Kevin J. Beaty/Denverite
Lisa Calderón speaks to press about her first Latino Scorecard for Mayor Mike Johnston, in which she gave the city a D grade according to her group's rubric of issues and recommendations. Nov. 29, 2023.

Johnston told reporters after the meeting with LUNA that his team is looking at all the boards and commissions.

“I had not heard that concern before,” he said, “so that's a new question here that hadn't been on our previous conversations.”

The issue carries significant meaning for Calderón, who narrowly finished third in the mayor’s race, and later endorsed Johnston. She initially called for Friednash to resign this summer.

Calderón once ran the city’s reentry programs, rehabilitating inmates. Incarcerated people have very high smoking rates. So she said they offered a course on tobacco cessation, with information about how the industry targeted Black and Latino communities, “that it wasn't an accident, that this was a deliberate effort to sell a product that was harmful to them.”

Calderón identifies as Afro-Latina. She said the hospital, which cares for a quarter of Denver’s population annually and a third of metro-area children, served her and her family when she was growing up. 

“And those are the same folks who are the consumers of Denver Health Services,” said Calderón. “I just find it unfathomable and I don't believe them when they say there was no conflict.”

Hancock defended the move and said that it was not a conflict. So did Denver Health’s board chair. 

When asked about Friednash now stepping away from lobbying for Altria, Calderón said it’s not enough. 

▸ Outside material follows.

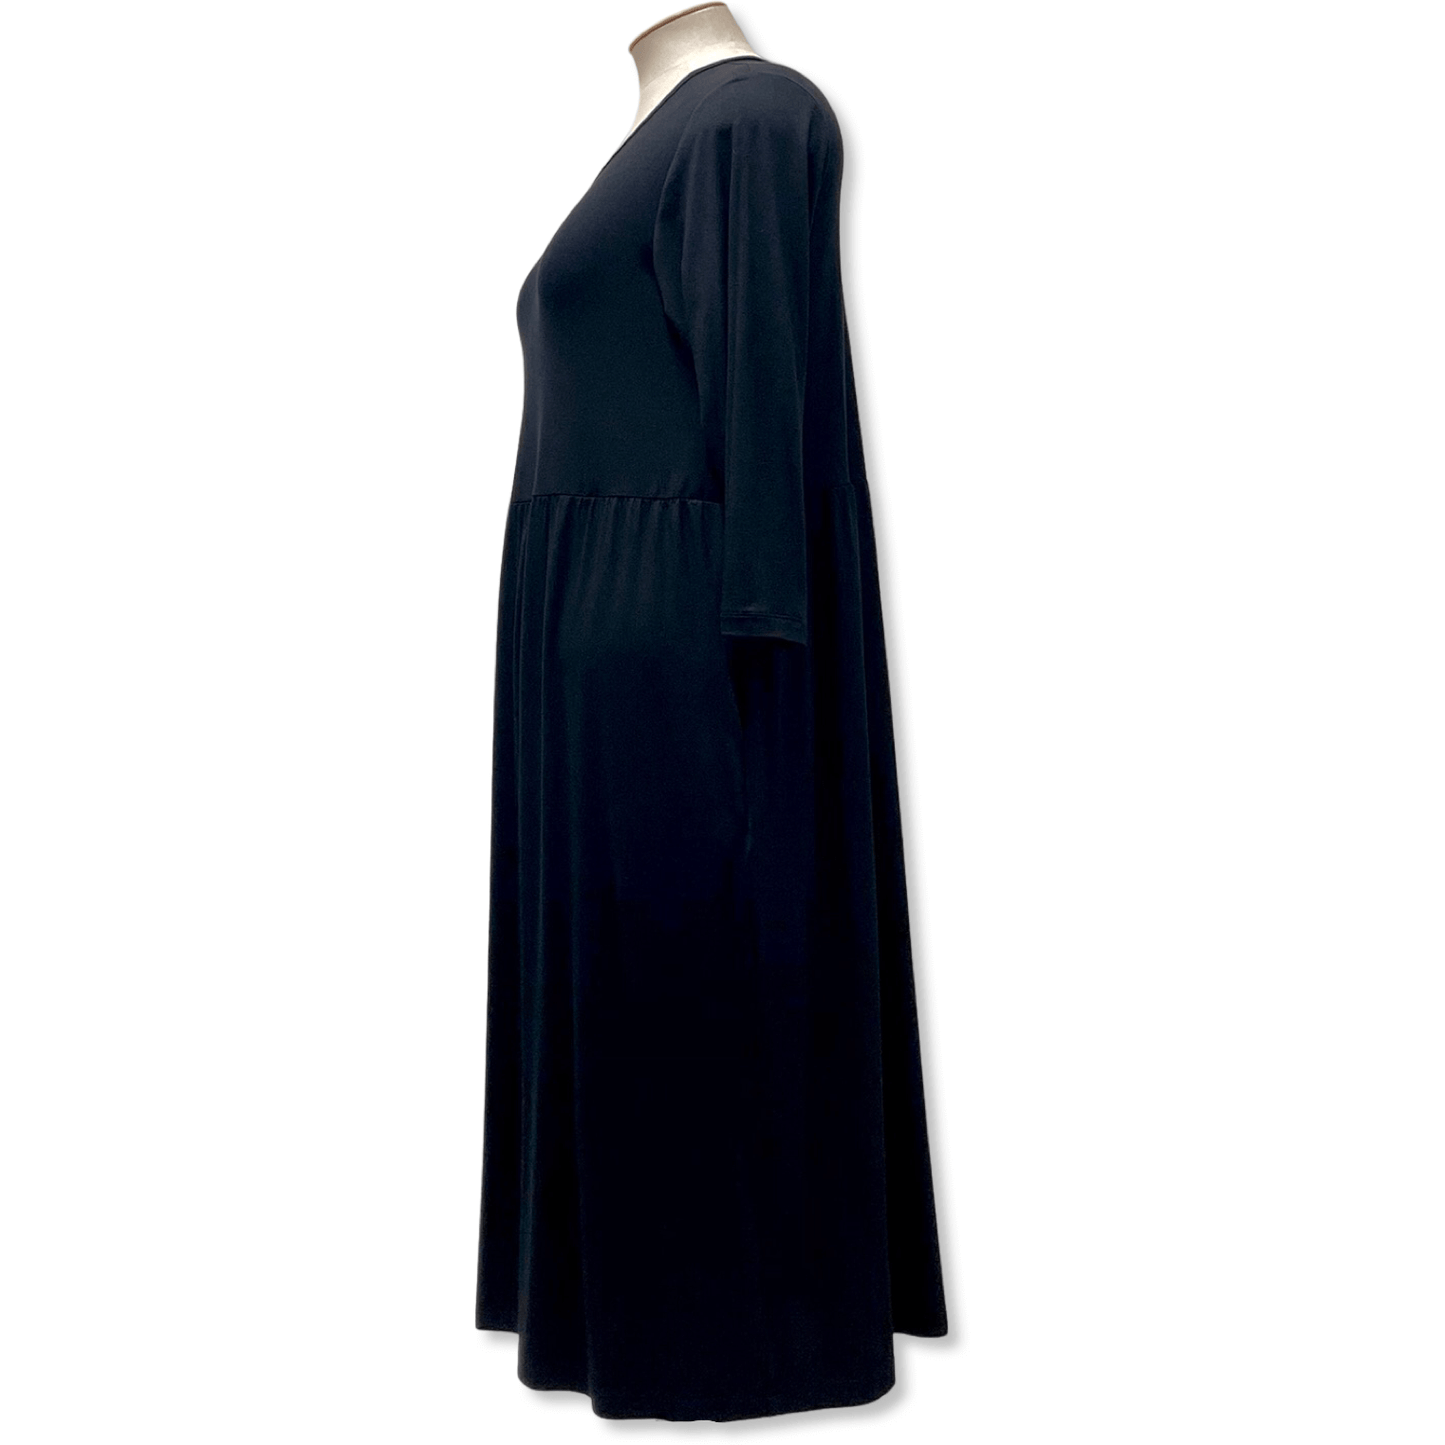 Bloom Clothing NZ,ALL DAY CUDDLES DRESS -Black,$90.00,

"'Formally removing himself’ doesn't remove his years of enabling big tobacco's pipeline of harmful products directly into our communities, especially younger generations,” she said. “Instead, the most responsible thing that he can do, considering the damage done to our communities, is to resign and allow his seat to go to a healthcare provider or community advocate who has the best interest of our people at heart.”

John Daley/CPR News
Dr. Johnny Johnson is an OBGYN and president of the Mile High Medical Society, the Colorado chapter of a national doctor’s group that promotes the interests of physicians and patients of African descent. He also served on the Denver Health board of directors for 12 years.

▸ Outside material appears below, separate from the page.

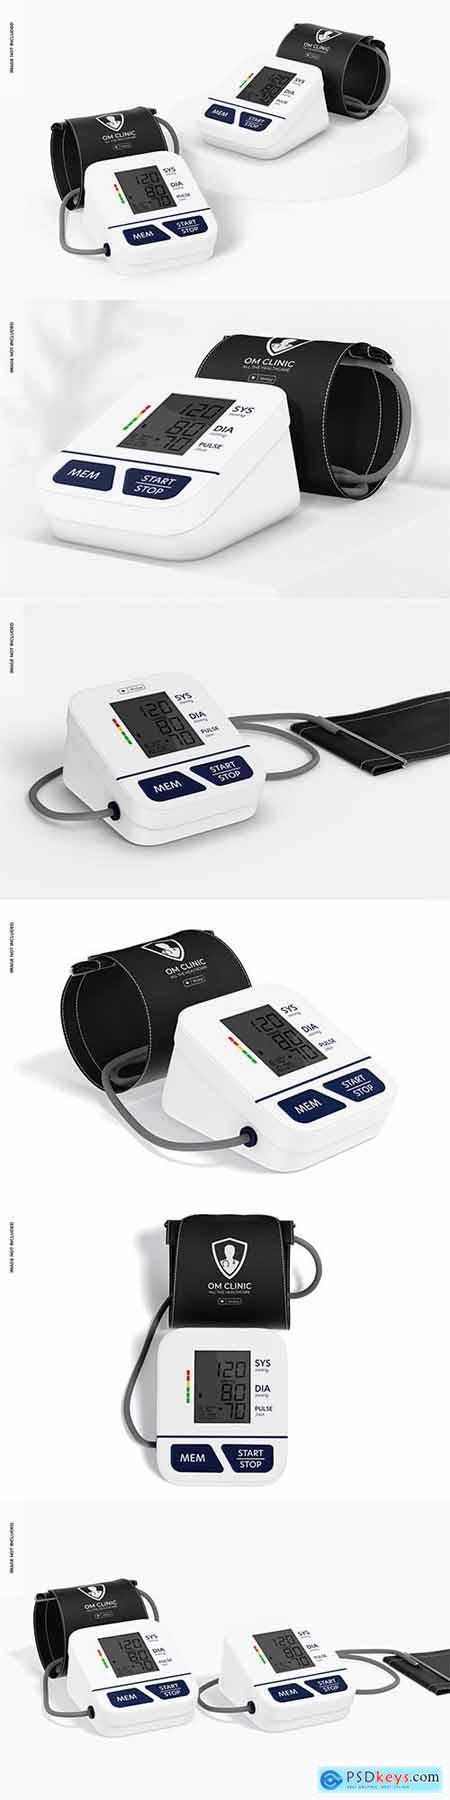 Digital blood pressure monitor mockup

Calderón isn’t the only one to say they’re uncomfortable with a board seat being filled with a tobacco lobbyist. 

Dr. Johnny Johnson is an OBGYN, a former member of the Denver Health board and president of the Mile High Medical Society. That’s the Colorado chapter of a national doctor’s group promoting the interests of physicians and patients of African descent. 

Tobacco is the leading cause of preventable death, said Johnson, and the impact is acutely felt by Black Coloradans and Denverites. 

Johnson said he’s baffled by the Friednash pick. 

“He should be removed from the board or he should step down. But he cannot represent the Denver Health community being a lobbyist,” Johnson said, “and promoting cigarettes.” 



Others expressing concern included employees of Denver Health, which in 2020 declared racism a public health crisis, committing itself “to addressing racism and the public health disparities caused by racism.”

“I don't think that this appointment is the most compatible with our mission,” said Paul Paratore, a pediatric clinical pharmacist, who works in pediatric and neonatal ICUs and in obstetrics. “I'm concerned just from the motivations and what his responsibility to the hospital and to Denver's public health is in general.” 

John Daley/CPR News
Paul Paratore, left, is a pediatric clinical pharmacist. Daniel Grosso is a certified nurse aide. Both work for Denver Health and are members of Denver Health Workers United, a union for frontline employees.

Those thoughts were echoed by Daniel Grosso, a certified nurse aide, working in the surgical ICU.

Grosso said Denver Health as an institution is all-in on tobacco cessation and prevention, with a smoke-free campus and online yearly education “promoting smoke-free lifestyles as much as possible.”

So to have a lobbyist who has represented tobacco “on our board, it seems kind of antithetical,” he said.